I am about to embark upon a journey that simultaneously scares the shit out of me and excites me to my core. A month long adventure, to a country in which I don’t speak the language, don’t know much about the culture or its inner workings, its architecture or foundation.
So, why? I choose this freely to help me understand the world, how it works outside of my comfort zone (and believe me, I have created a lovely little world with all the comforts I need here). To experience a new me.

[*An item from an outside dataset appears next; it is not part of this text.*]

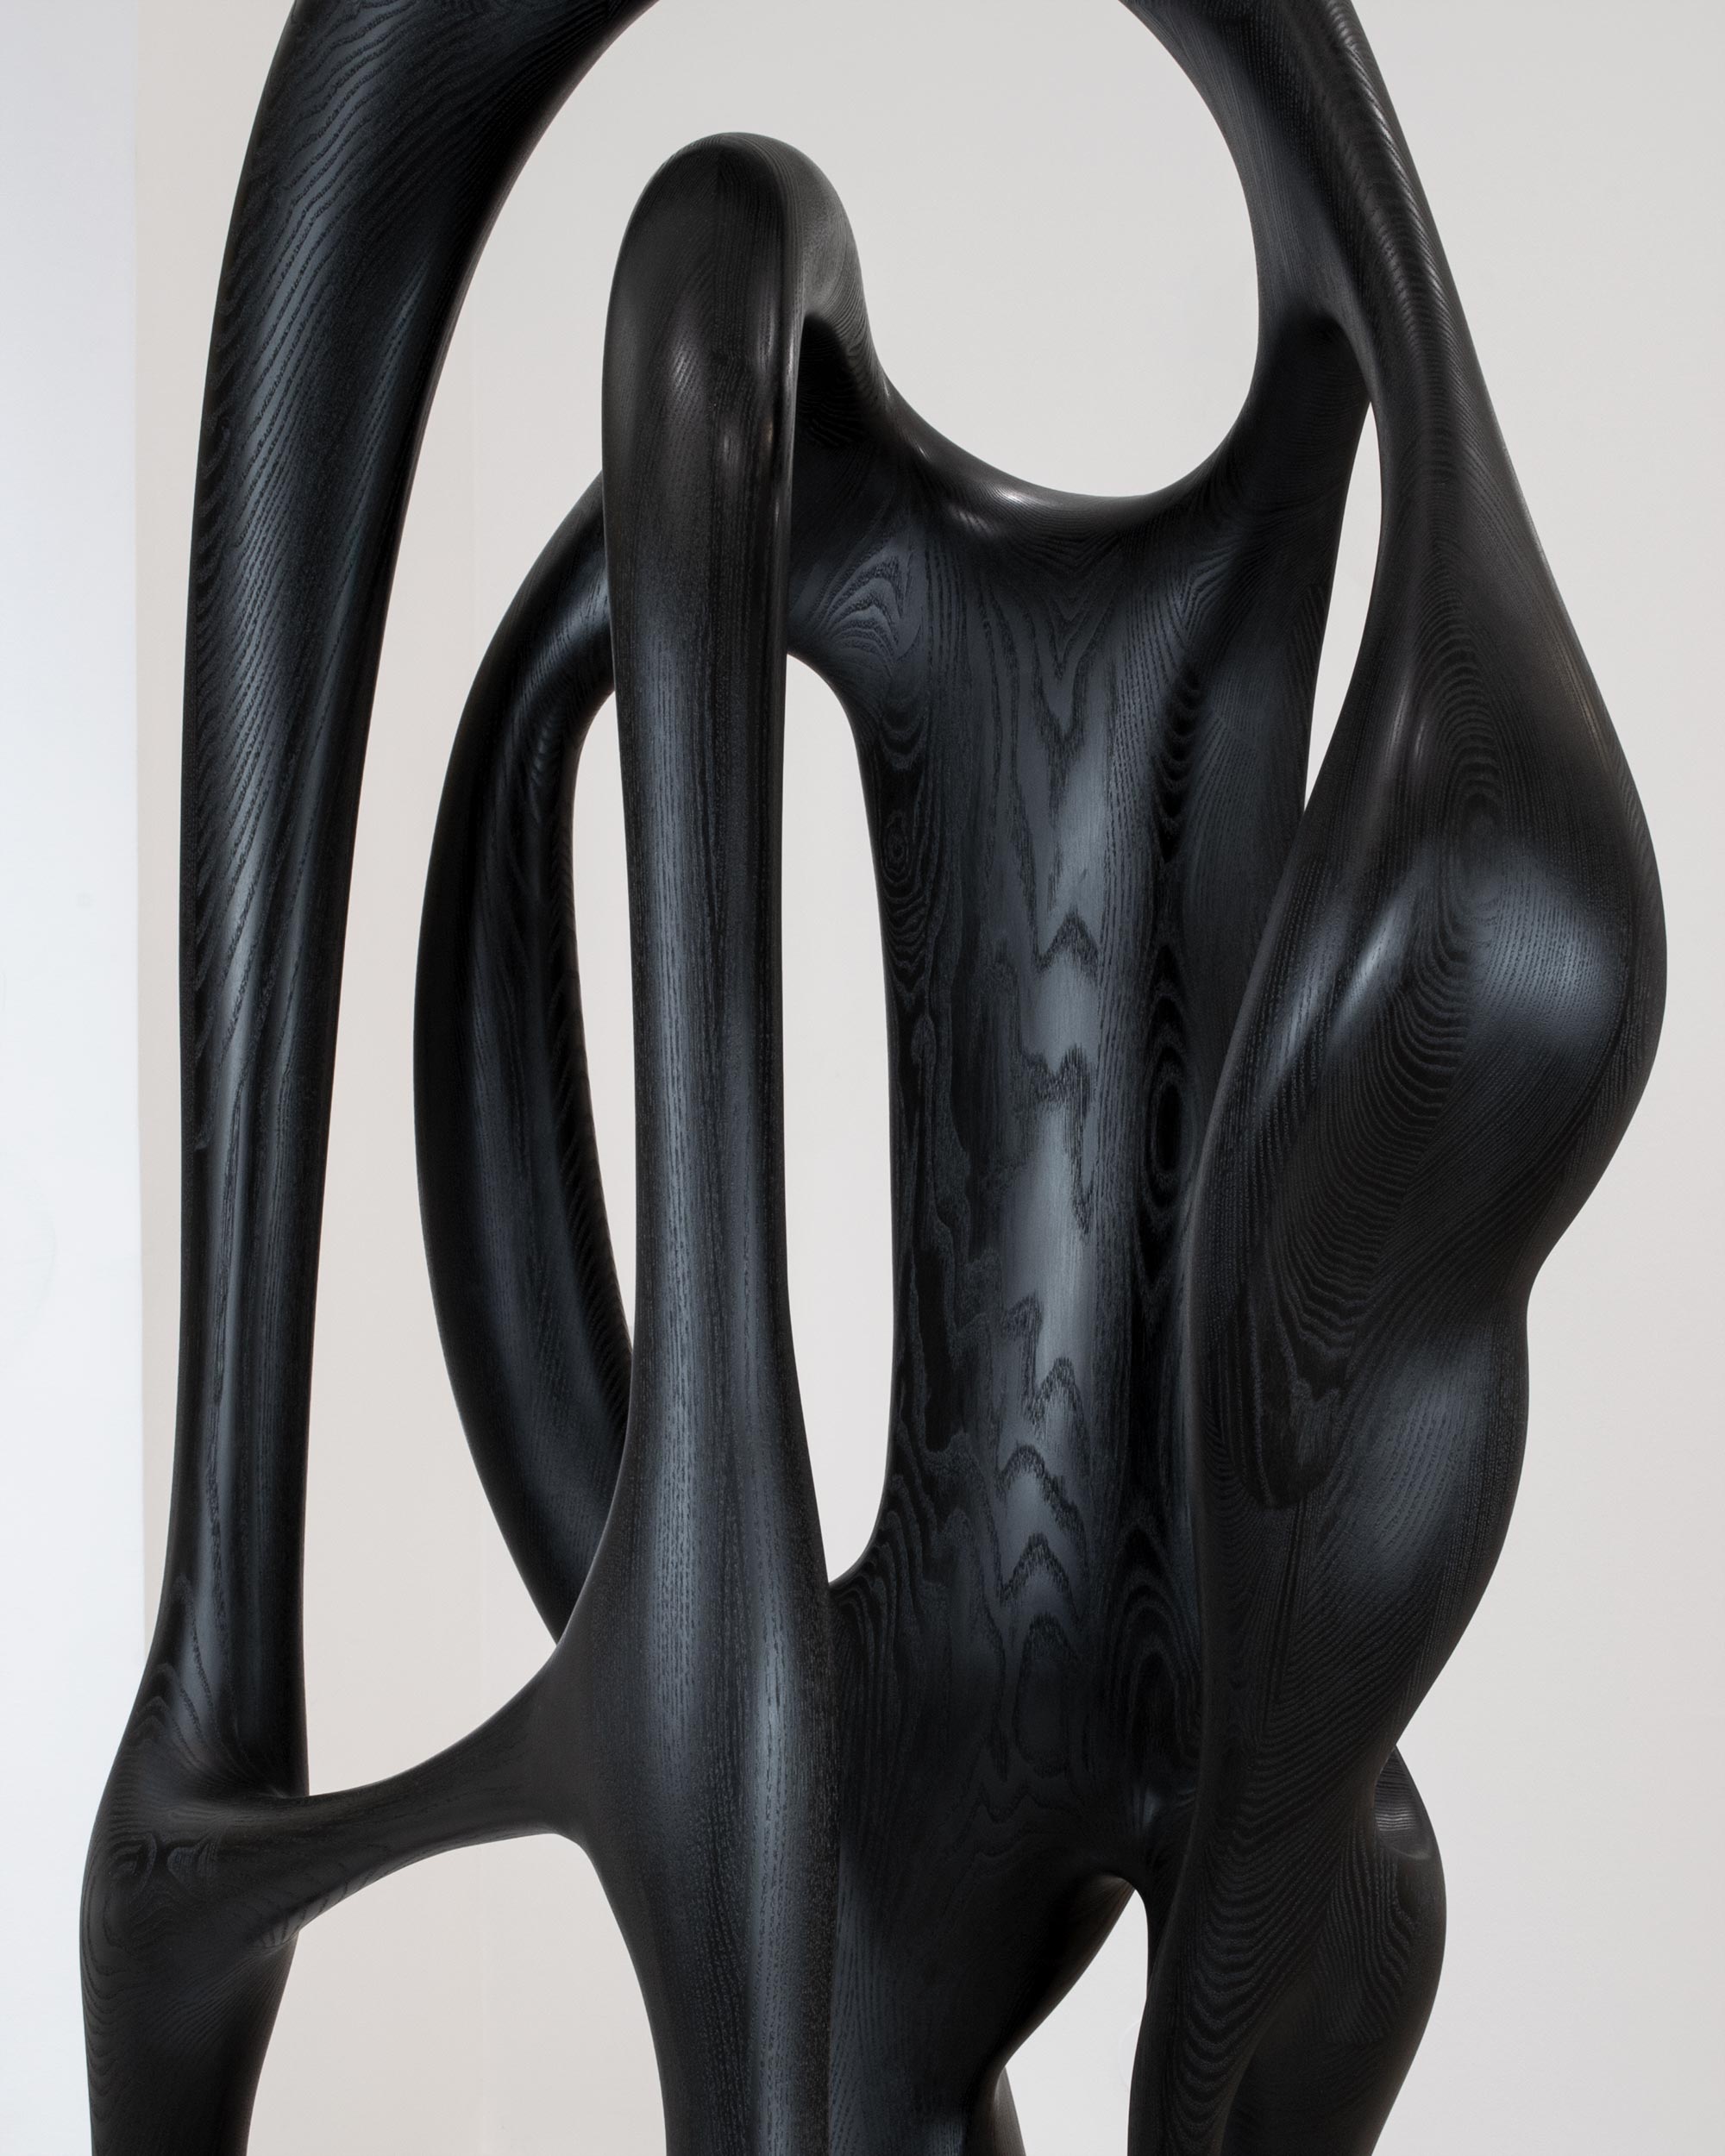 Maxime Goléo - Art - contemporain - galerie d'art - galerie - bois - frêne - teinte noire - sculpture - organique - nature - design - designer - artiste - sensuel - courbe
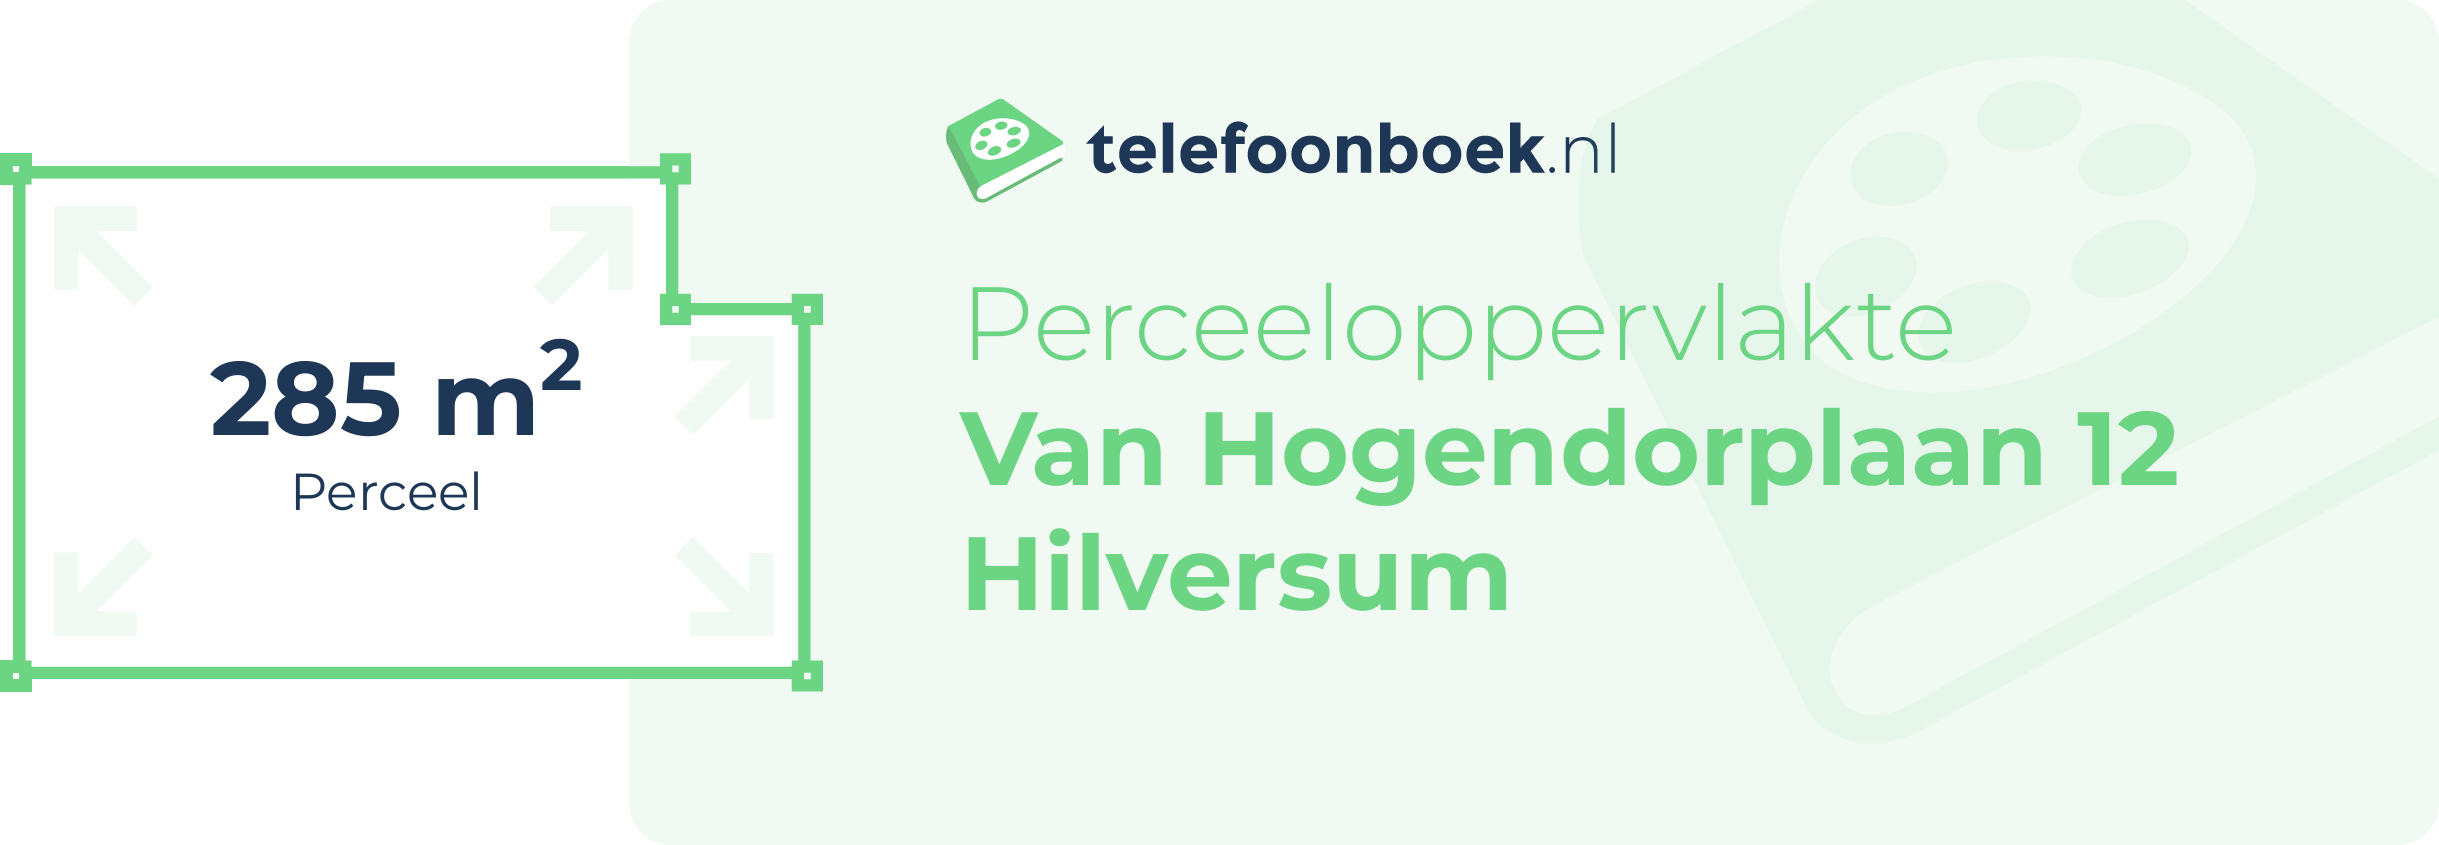 Perceeloppervlakte Van Hogendorplaan 12 Hilversum

I have been fortunate to experience travel to many parts of the world, yet there are many more in which to delve and explore. My trips have been just that; trips. Vacations. Just when I would drop into the feel of a place, time to go. Never immersions. I would skim the surface of what could be so much more. My greed for experience is honest; I don’t deny nor hide it. I thrive on experience out of my comfort zone. It’s like a gateway drug…the need to escalate experiences is my form of addiction. As an artist, I set goals and challenges and work myself into a corner merely to see if I can find my way out. And its worked more times than not. In travel, it’s been weekend here, a week there, a two week journey then maybe three traveling throughout an area. But four weeks in one place to really experience another existence? To find out if I can hang? To find out how enterprising I am? How creative I can be? Nope, not until now.
So now I ALLOW. I allow myself the freedom and luxury to travel to a city full of culture, architecture, creativity, history. San Miguel de Allende, Mexico. Time to learn Spanish. time to learn how to really cook real Mexican food. Time to understand a culture that many Americans disparage from ignorance.
I ALLOW myself to be vulnerable, to become intimate in the world. I have seen it positively impact my personal relationships as well. If you want to be intimate, you simply must be vulnerable. I tell people I love them, tell them they are valuable to me, that our relationship matters. And each and every time, I have been met with the same kind of vulnerability.
The urge was so great inside me to set upon this adventure that I simply could not ignore it anymore. Am I scared? Nervous? Anxious? Hell yes I am! But what would scare me more is not doing it. And I travel solo to learn more about myself; what I’m made of, how I will work myself out of a corner in a city I don’t know.
I am well aware that I am far from the only person who has done this; I am not seeking applause for this decision, or to be told how adventurous or brave or whatever I am for this. I share this because I hope to encourage others with similar desires to move forward. When people ask me why I am doing this, I simply respond with “Why not?” And “why not now?” When else is there?
I just want to take a big bite out of life, and I do that by allowing.